Published December 14, 2011 1:51 pm

Dining out • Service still needs tweaks, but changes — including to prices — hit the spot.
This is an archived article that was published on sltrib.com in 2011, and information in the article may be outdated. It is provided only for personal research purposes and may not be reprinted.

The restaurant industry is a fickle business; it's hard to keep track of who's opening and who has closed. Several months ago, Vienna Bistro, on Salt Lake City's Main Street, shut its doors, and now Michelangelo Ristorante has taken over the Kearns Building space. Michelangelo's on Main is the second location for the veteran Italian restaurant, at 3005 S. Highland Drive.

A look at the company's updated website reveals something you seldom see: "New lower prices. New casual look. Same great food." Prices — especially for the pastas — really have gone down.

The new restaurant is divided into two areas. A few tables near the eatery's entrance allow diners to look out onto Main Street, while the majority of seating is at the back. Old black-and-white photos of the Kearns Building and Italian posters add minimal, yet tasteful design touches to the historic space, while an imposing "self-serve" soda dispenser front and center seems bizarre.

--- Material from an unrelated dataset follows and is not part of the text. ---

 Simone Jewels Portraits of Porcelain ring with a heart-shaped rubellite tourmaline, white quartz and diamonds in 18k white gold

The menu is identical at both Michelangelos — consisting of appetizers, salads, soups, panini (lunch), pasta, fish, meat and chicken, and desserts. Pizzas are only available at Highland Drive. There also are daily lunch specials for $5.95. (Spaghetti carbonara and a salad on Monday or Tuesday's penne pomodoro with a salad.)

Also, on Saturday on Main Street, if you buy one entrée, you get another entrée of lesser or equal value free. Specials are all good and fine, but is it the same great food? In short, some of it is.

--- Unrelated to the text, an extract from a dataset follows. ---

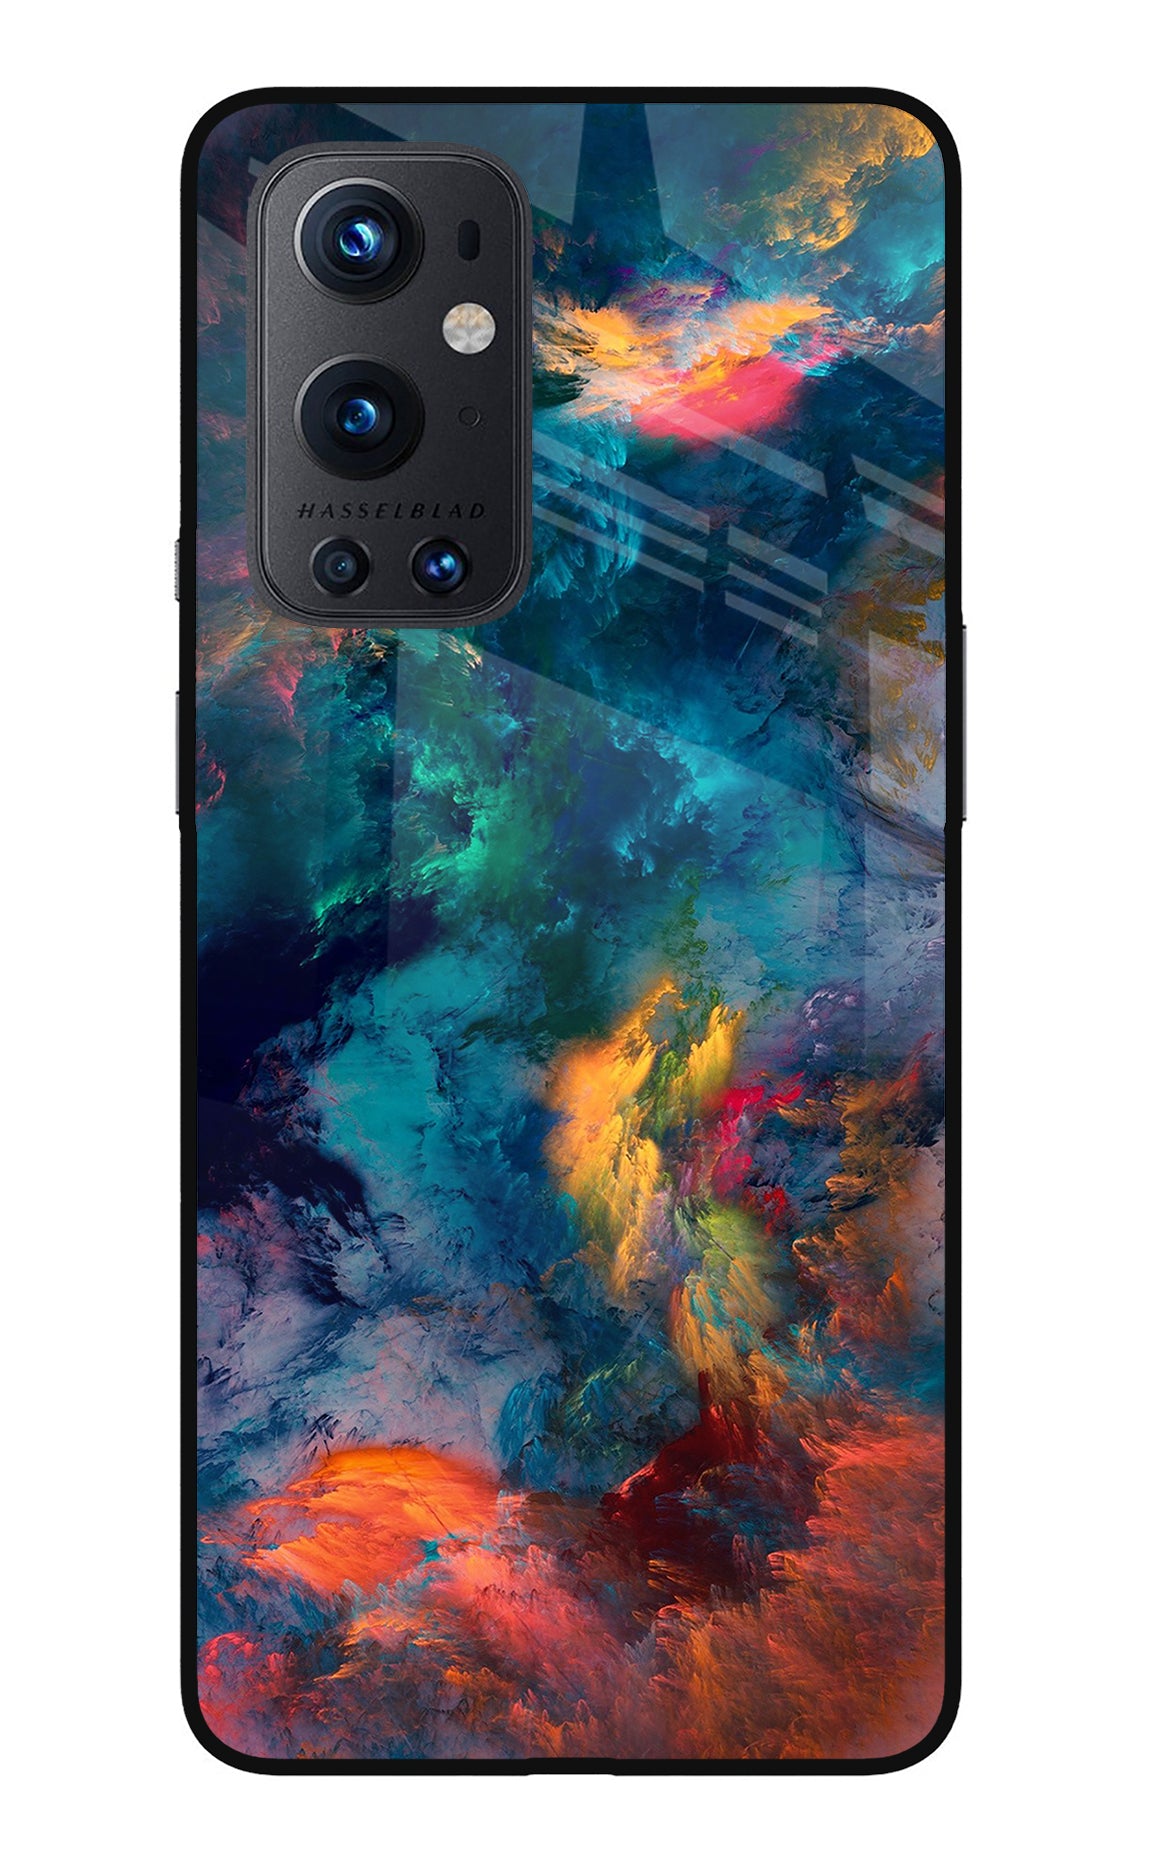 Artwork Paint Oneplus 9 Pro Back Cover

Pastas — both kitchens' forte — at lower prices for the same quantities are a welcome sight. Back in 2009, gnocchi al pomodoro and spaghetti carbonara were $13.95; today they're $10.95 ($8.95 at lunch). Fettuccine bolognese was $14.95 (now $9.95 at lunch and $11.95 at dinner). In all, the 16 pasta choices cost $7.95-$11.95 at lunch and $8.95-$12.95 at dinner.

Standouts on Main are the ravioli — half-moons made by hand that rest in a delicate sage-butter sauce (spinach ravioli) or balanced red sauce (cheese ravioli); and penne with a creamy, rich Gorgonzola sauce. I usually have this unforgettable sauce with miniature pillows of gnocchi, but the kitchen had run out. Be sure to ask for the house-made focaccia to sop up every last drop of the sauce. The same kitchen turned out an undercooked daily risotto ($8.95; $12.95), this one with mushrooms and asparagus. The earth-and-grass flavors worked well together but I couldn't get past the crunchy short-grain rice.

The Highland Drive location still turns out impressive bolognese sauce, replete with beef, pancetta, onions, celery, carrots, tomato sauce, wine and milk that's cooked for hours to achieve its complex flavors. Tossed with gnocchi, the dish was a knock-out.

Spaghetti Michelangelo has al dente pasta mingling with whole garlic cloves, serious spice from cracked red pepper and wilted arugula. Shavings, rather than sheets, of fresh parmesan covering the dish would make for a better presentation. Spaghetti carbonara, with pancetta and peas nestled in a creamy sauce made of egg yolks, needed a bit more sauce to be memorable.

Meat dishes weren't nearly as good as the pastas. Green beans served with main dishes tasted squeaky and previously frozen but roasted potatoes were crispy on the outside and fluffy on the inside. An accompanying crock of creamy tomato sauce couldn't save a dry, overcooked veal milanese ($22.95; $24.95), while a heady sauce of Dijon mustard, brandy and green peppercorns couldn't rescue a tough filet ($24.95; $29.95), which was the only dish not worth its price tag. By comparison, chicken piccata ($11.95; $12.95) was a moist chicken breast cloaked in a delicate sauce of white wine, lemon and capers.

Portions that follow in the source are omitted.